> [TASK STATEMENT] Find the line containing "Drip cake - Cathy 60th" in the entries below. Restate it and each line after it, word for word, up to and including the line containing "frandsen kontormilj desktop".

> [Saved data entries]
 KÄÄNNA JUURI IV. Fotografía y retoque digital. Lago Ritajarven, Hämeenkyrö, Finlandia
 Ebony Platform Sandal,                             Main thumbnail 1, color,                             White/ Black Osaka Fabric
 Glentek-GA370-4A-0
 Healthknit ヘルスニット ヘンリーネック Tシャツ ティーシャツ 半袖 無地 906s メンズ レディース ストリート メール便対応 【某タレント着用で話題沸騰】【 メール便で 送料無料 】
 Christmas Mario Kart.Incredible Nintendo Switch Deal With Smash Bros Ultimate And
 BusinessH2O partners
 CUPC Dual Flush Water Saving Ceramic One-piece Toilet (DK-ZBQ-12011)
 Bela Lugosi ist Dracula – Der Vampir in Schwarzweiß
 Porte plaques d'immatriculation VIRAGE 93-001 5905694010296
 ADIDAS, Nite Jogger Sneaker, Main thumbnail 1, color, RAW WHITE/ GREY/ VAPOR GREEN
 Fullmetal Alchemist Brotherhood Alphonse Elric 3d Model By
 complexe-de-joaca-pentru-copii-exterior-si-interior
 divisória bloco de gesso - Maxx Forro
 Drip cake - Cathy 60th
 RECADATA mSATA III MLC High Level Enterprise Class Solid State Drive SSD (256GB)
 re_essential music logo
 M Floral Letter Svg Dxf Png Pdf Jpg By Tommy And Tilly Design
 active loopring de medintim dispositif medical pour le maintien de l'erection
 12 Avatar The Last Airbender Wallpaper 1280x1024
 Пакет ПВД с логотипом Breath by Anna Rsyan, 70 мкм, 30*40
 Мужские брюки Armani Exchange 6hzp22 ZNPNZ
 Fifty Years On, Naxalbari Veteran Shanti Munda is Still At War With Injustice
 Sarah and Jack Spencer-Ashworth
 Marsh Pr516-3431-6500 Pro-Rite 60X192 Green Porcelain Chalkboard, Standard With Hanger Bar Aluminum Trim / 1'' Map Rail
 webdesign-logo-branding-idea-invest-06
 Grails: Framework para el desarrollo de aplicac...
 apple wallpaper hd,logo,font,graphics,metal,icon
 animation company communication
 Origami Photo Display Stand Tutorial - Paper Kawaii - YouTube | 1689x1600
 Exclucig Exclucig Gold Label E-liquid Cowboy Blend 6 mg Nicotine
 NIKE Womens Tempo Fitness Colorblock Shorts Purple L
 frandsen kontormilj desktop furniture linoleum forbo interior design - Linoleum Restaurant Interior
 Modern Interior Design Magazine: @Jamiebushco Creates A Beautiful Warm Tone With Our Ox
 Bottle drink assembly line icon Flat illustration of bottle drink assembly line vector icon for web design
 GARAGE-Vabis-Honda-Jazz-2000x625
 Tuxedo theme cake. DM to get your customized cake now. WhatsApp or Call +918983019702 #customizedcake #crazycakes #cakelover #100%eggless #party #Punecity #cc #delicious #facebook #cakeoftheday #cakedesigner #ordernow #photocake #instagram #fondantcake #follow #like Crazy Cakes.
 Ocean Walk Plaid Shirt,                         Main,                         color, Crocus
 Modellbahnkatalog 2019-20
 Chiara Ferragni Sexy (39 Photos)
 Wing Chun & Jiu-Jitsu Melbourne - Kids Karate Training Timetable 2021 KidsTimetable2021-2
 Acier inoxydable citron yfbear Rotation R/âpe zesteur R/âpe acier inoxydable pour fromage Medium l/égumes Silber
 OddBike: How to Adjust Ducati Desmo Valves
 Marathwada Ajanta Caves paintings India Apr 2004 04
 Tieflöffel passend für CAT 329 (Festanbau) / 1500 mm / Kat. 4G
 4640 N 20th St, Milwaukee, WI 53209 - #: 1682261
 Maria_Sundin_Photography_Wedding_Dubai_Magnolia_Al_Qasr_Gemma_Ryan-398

> [EXERCISE OUTPUT]
 Drip cake - Cathy 60th
 RECADATA mSATA III MLC High Level Enterprise Class Solid State Drive SSD (256GB)
 re_essential music logo
 M Floral Letter Svg Dxf Png Pdf Jpg By Tommy And Tilly Design
 active loopring de medintim dispositif medical pour le maintien de l'erection
 12 Avatar The Last Airbender Wallpaper 1280x1024
 Пакет ПВД с логотипом Breath by Anna Rsyan, 70 мкм, 30*40
 Мужские брюки Armani Exchange 6hzp22 ZNPNZ
 Fifty Years On, Naxalbari Veteran Shanti Munda is Still At War With Injustice
 Sarah and Jack Spencer-Ashworth
 Marsh Pr516-3431-6500 Pro-Rite 60X192 Green Porcelain Chalkboard, Standard With Hanger Bar Aluminum Trim / 1'' Map Rail
 webdesign-logo-branding-idea-invest-06
 Grails: Framework para el desarrollo de aplicac...
 apple wallpaper hd,logo,font,graphics,metal,icon
 animation company communication
 Origami Photo Display Stand Tutorial - Paper Kawaii - YouTube | 1689x1600
 Exclucig Exclucig Gold Label E-liquid Cowboy Blend 6 mg Nicotine
 NIKE Womens Tempo Fitness Colorblock Shorts Purple L
 frandsen kontormilj desktop furniture linoleum forbo interior design - Linoleum Restaurant Interior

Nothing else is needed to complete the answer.